Hollywood yıldızlarının kitleye yaklaşması ve ulusal davalar için uğraşması, İkinci Dünya Savaşı'nda gerçekleşti. ABD savaşa girer girmez, tüm Hollywood orduya yardım kampanyalarına katıldı, komedyen Bob Hope'dan gizemli Marlene Dietrich'e kadar birçoğu da, cepheden cepheye koşup Nazizm'e karşı savaşanlara moral verdi. Bu gelenek sürdü: Kore'den Vietnam'a nerede savaş varsa, yıldızlar da oradaydı. Özgür dünyayı korumakla Amerikan ideallerini korumak arasında dozu değişen bir çaba harcamak üzere...
Modern çağda ise durum değişik. Artık ünlüler ABD hükümetinden veya Pentagon'dan aldıkları öneri, hatta emirler doğrultusunda değil, kendi vicdanları yönünde eyleme geçiyorlar. Ya da BM- Birleşmiş Milletler'in adı konmuş biçimde gönüllü elçileri oluyorlar. Amaç hep barışa ve insanlığa yönelik.

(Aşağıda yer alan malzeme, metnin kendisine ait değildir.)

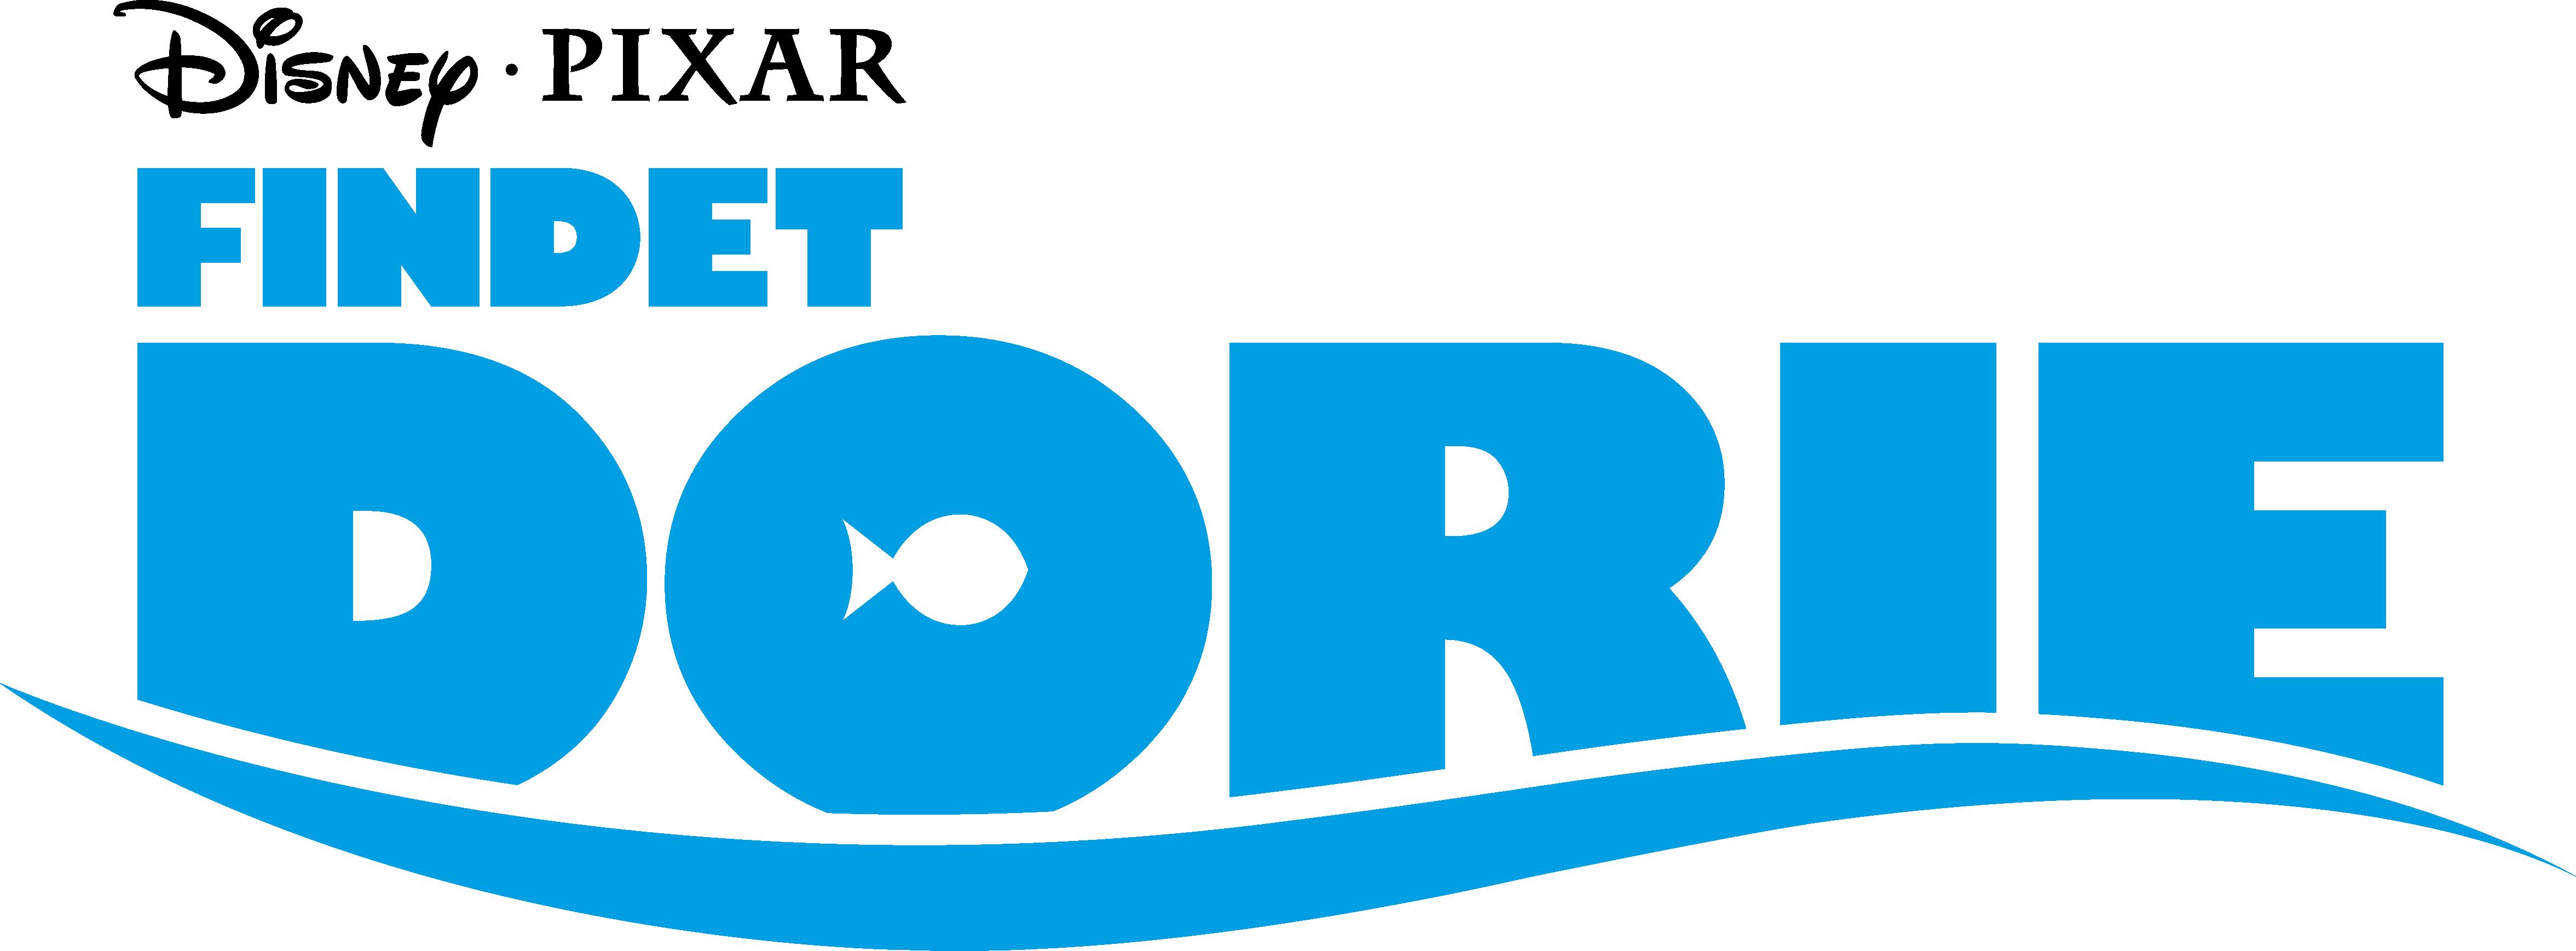 DORY_GER_TT_C_V02F

Nerede savaş, kıyım, soykırım, ırkçılık, açlık ya da yoksulluk varsa, oralara gidiyorlar. Audrey Hepburn'den Charlize Theron'a, Nicole Kidman'dan Susan Sarandon'a, George Clooney'den Andy Garcia'ya hepsi, sorunlu ülkelere ve yörelere gidip hem kişisel bir yardım eli uzatıyor, hem de dünya medyasının ilgisini o soruna yöneltiyorlar. Bunlara Madonna'dan Bono'ya, Bob Geldof'dan Sting'e müzisyenler de katılıyor.
Angelina Jolie - Brad Pitt çiftiyse bir alem... Zaten Fransa'da bir şato alıp orada yaşamak, Afrika'yı bir ikinci ülke bellemek, altı çocuklarından bilmiyorum kaçını yoksul halklardan evlat edinmek gibi davranışları, onların dünya vatandaşlığını göstermişti. Özellikle Jolie, 10 yıldır 20 sorunlu ülkeye gidip yardımda bulundu. En son, Bosna soykırımı üzerine bir film de yönetti.
Tüm bunlarda elbette iyi niyetin yanısıra, kişisel şeyler de rol oynamıştır. Bu yardımseverliğin dünya medyasının yakın takibinde olması, bir şöhret arayışını akla getirebilir. Belki şöhretin getirdiği bir boşluk içinde yüzerken, hayatlarına bir anlam aradıkları da söylenebilir.
Ama ne olursa olsun, eğer bu çabalar iyi sonuç veriyor, dünya çapında dikkat çekiyor ve destek sağlıyorsa, kime ve niçin kızmalı? Çağdaş iletişimin empoze ettiği yollardan sapmanın alemi, gereği ve de imkanı var mı?
Not: ABD'yi 'en büyük şeytan' olarak görüp tüm bu sanatçıları da onun emrindeki ajanlar diye tanımlayanları bu yazı kesmeyebilir. Onlar da dün Hürriyet'de çıkan 'Sevgili Beşar' başlıklı Yılmaz Özdil yazısını okuyup tatmin olsunlar.